The core question in this case appears to be what exactly should trigger a license request. EME provides us some mechanisms:

·         HTMLMediaElement.encrypted event is raised when Initialization Data is encountered in the stream.

·         MediaKeySession.keyStatuses provides information about keys known to the CDM.

·         MediaKeySession.generateRequest() enables the application to trigger a license request based on Initialization Data.

The application can use keyStatuses to determine whether a license request is needed, thus avoiding any potential unnecessary (and potentially failing) requests. Assuming it is even implemented (I seem to recall it being a recent addition).

However, there does appear to be one significant factor missing: nothing actually ensures that the application is informed of what keys are required to play back the content. Certainly, we cannot assume that the application is able to parse Initialization Data. The only real alternative that currently exists is to assume that we are dealing with DASH and that there is a ContentProtection element of the mp4protection type that provides a default_KID attribute.

This assumption seems like a stretch and nothing really mandates that the information is really present. Furthermore, if multiple keys are needed then one would need to correlate which key goes with which Initialization Data and woah, that is going down a very slippery slope. The application should deal with business logic, not with DRM details.

The above capabilities also fail to account for key rotation – what if the key changes mid-stream and a new license request is required? Okay, if the key information is sufficiently well encoded in the DASH manifest (new period at key change, with new ContentProtection default_KID), this is potentially doable (though the question of key ID and Initialization Data synchronization remains), but having EME depend on something totally external and nonmandatory like that seems undesirable.

All in all, I can definitely see how the current workflow makes life rather difficult for players. Therefore, I propose that we move part of this responsibility to the CDM. Looking back in history, I see that HTMLMediaElement.encrypted used to be called HTMLMediaElement.needkey, so I wonder if this topic has already been covered in the past? Would be very interested to learn of the history that brought about the current workflow.

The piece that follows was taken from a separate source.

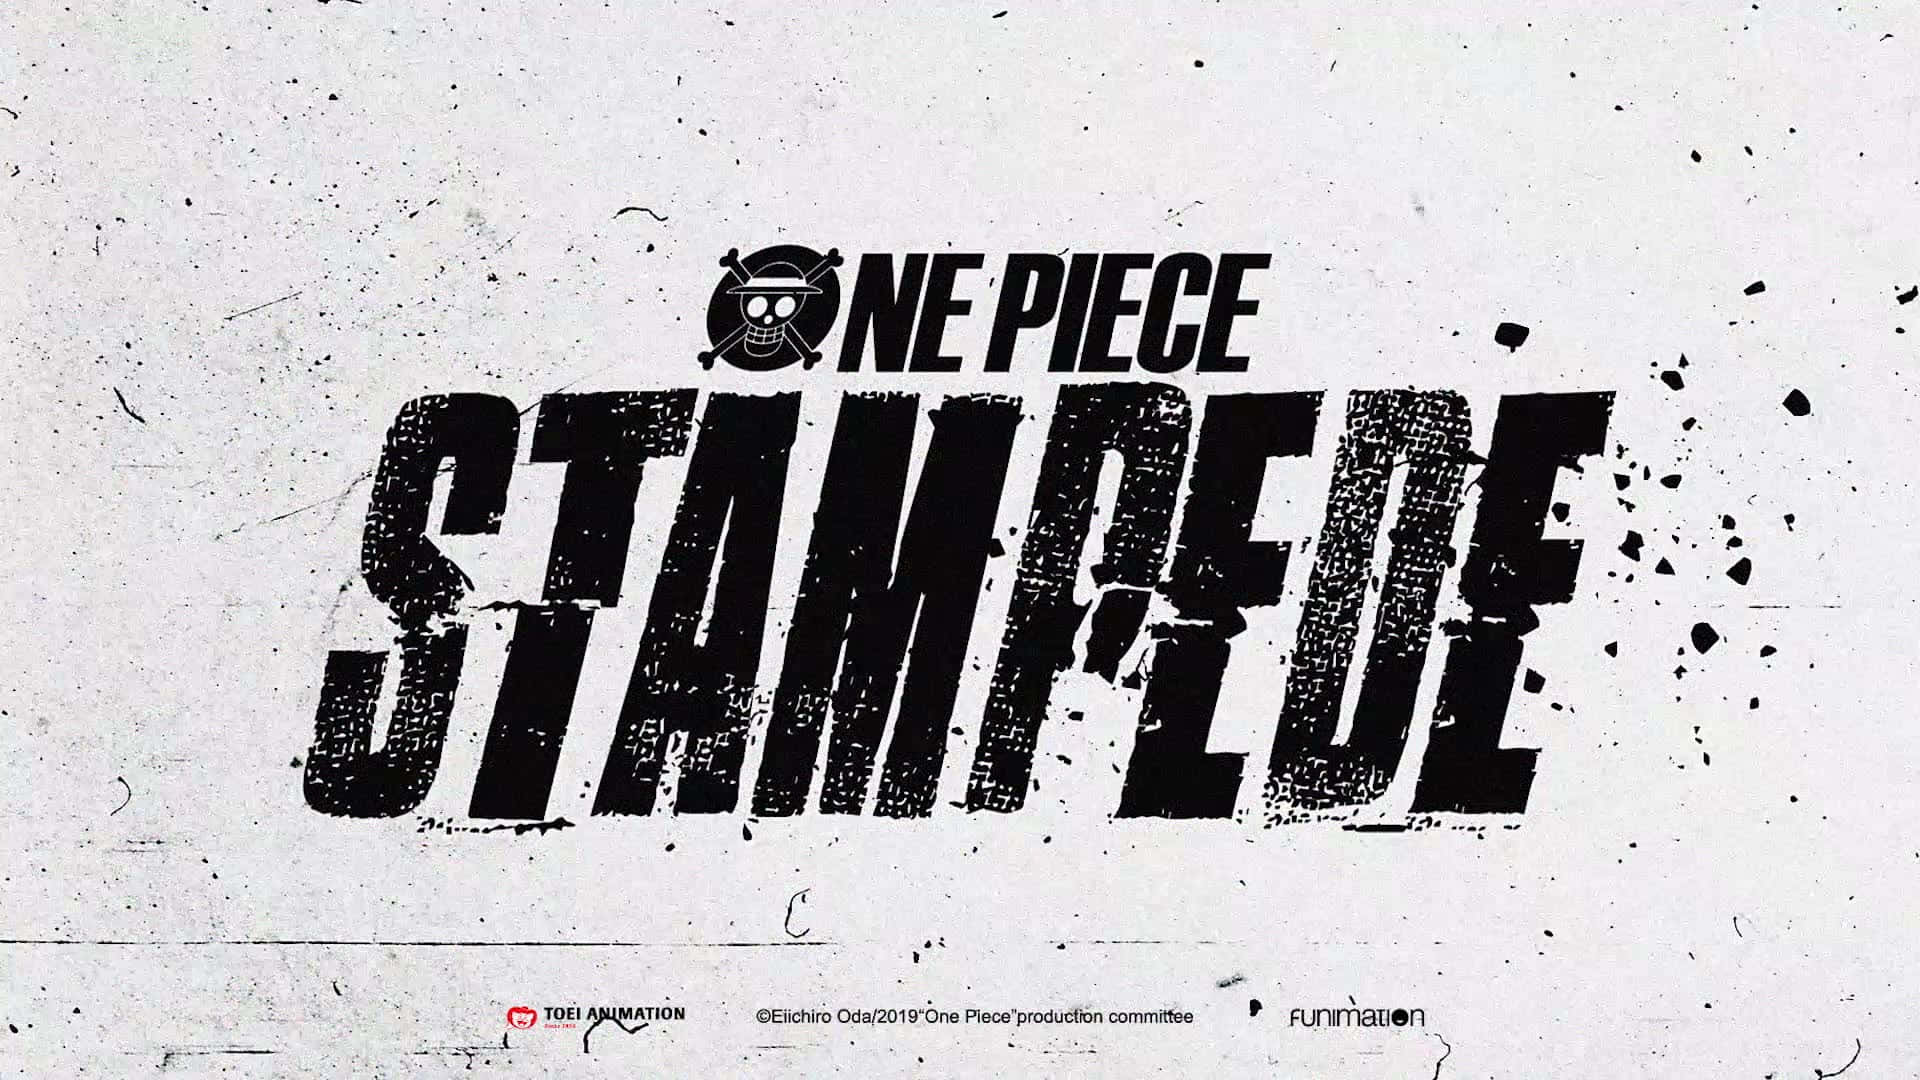 Get Ready for a High-octane Adventure with One Piece Stampede Wallpaper

The mainstream scenarios that I see as representative, as far as license acquisition is concerned, would be:

1.     Reactive license acquisition – the application wishes acquire a license when the CDM informs it that one is required (presumably as a response to receiving Initialization Data and determining that it does not posess one or more of the required keys).

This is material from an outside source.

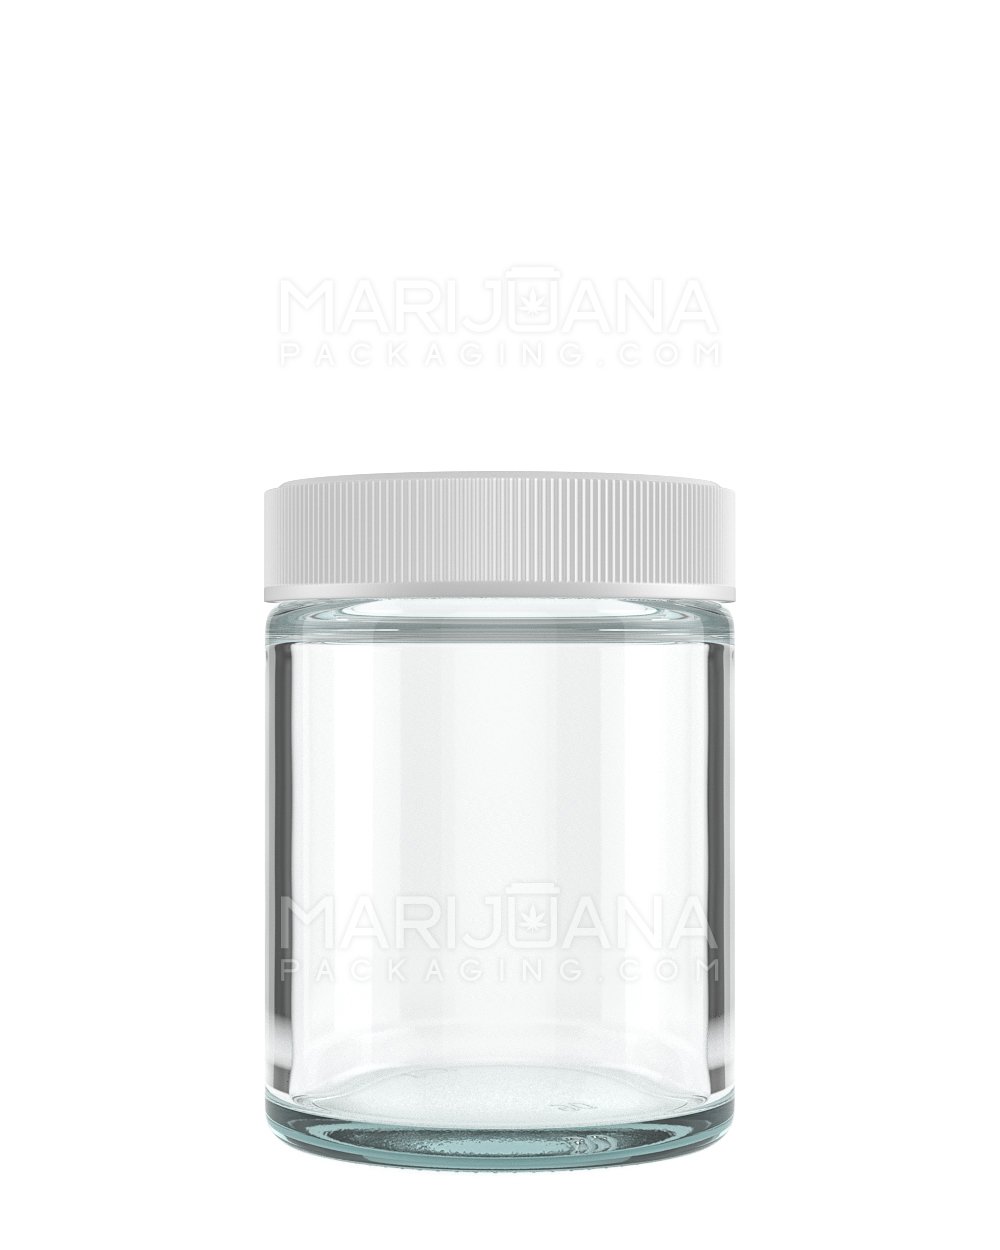 Straight Sided Clear Glass Jars with White Cap | 53mm - 4oz - 120 Count - 1

2.     Proactive license acquisition – the application wishes to acquire a license regardless of the CDM’s opinion (e.g. perhaps business logic states that a new 48-hour license is to be acquired every 24 hours, leaving a 24 hour overlap and an extra 24 hours for use when not connected to the license server).

3.     Key rotation – the key changes in the middle of the stream and a new license may be required (or not). Reactive acquisition is the main point of interest here, with the assumption being that the scenario is not different from the previous step in case of proactive acquisition.

My proposal to enable this in a way that makes player development simple would be:

1.     Enable all Initialization Data to be directly fed to the CDM from within the stream and from outside it (e.g. the DASH manifest), for unspecified processing by the CDM.

a.    MediaKeySession.loadInitData(initData, initDataType) would enable it to be fed from the manifest.

b.    HTMLMediaElement.encrypted() -> MediaKeySession.loadInitData(initData, initDataType) would enable it to be fed from stream (potentially a direct feed could be mandated, one that would not require application action?).

2.     Enable the CDM to signal that a key is required, at any time. Presumably this would be in response to loadInitData() but this should not be mandated to allow flexible CDM implementation.

a.    MediaKeySession.OnKeyNeeded(keyId, initData) or similar – Initialization Data must be provided by the CDM even if the event is not in response to loadInitData, because generateRequest() requires Initialization Data. This would mean the CDM must synthesize the Initialization Data for any such case.

3.     Remove the requirement for Initialization Data to be static.

a.    Seems unnecessary in general, plus I don’t quite see how that would work with key rotation.

What would this achieve?

·         The application can be totally “dumb” when processing Initialization Data, simply feeding it to the CDM from the manifest and whenever any HTMLMediaElement.encrypted event is raised.

·         The application can easily implement reactive license acquisition by waiting for the CDM to detect that a key is required and then performing acquisition.

o    Some application-side bookkeeping is required, since the same key may be required for multiple streams, so presumably multiple keyNeeded events for the same key would be raised, which could all be satisfied by a single license request.

·         The application can still request licenses proactively, providing the Initialization Data and key ID (which it has to source itself but that’s expected for the proactive case).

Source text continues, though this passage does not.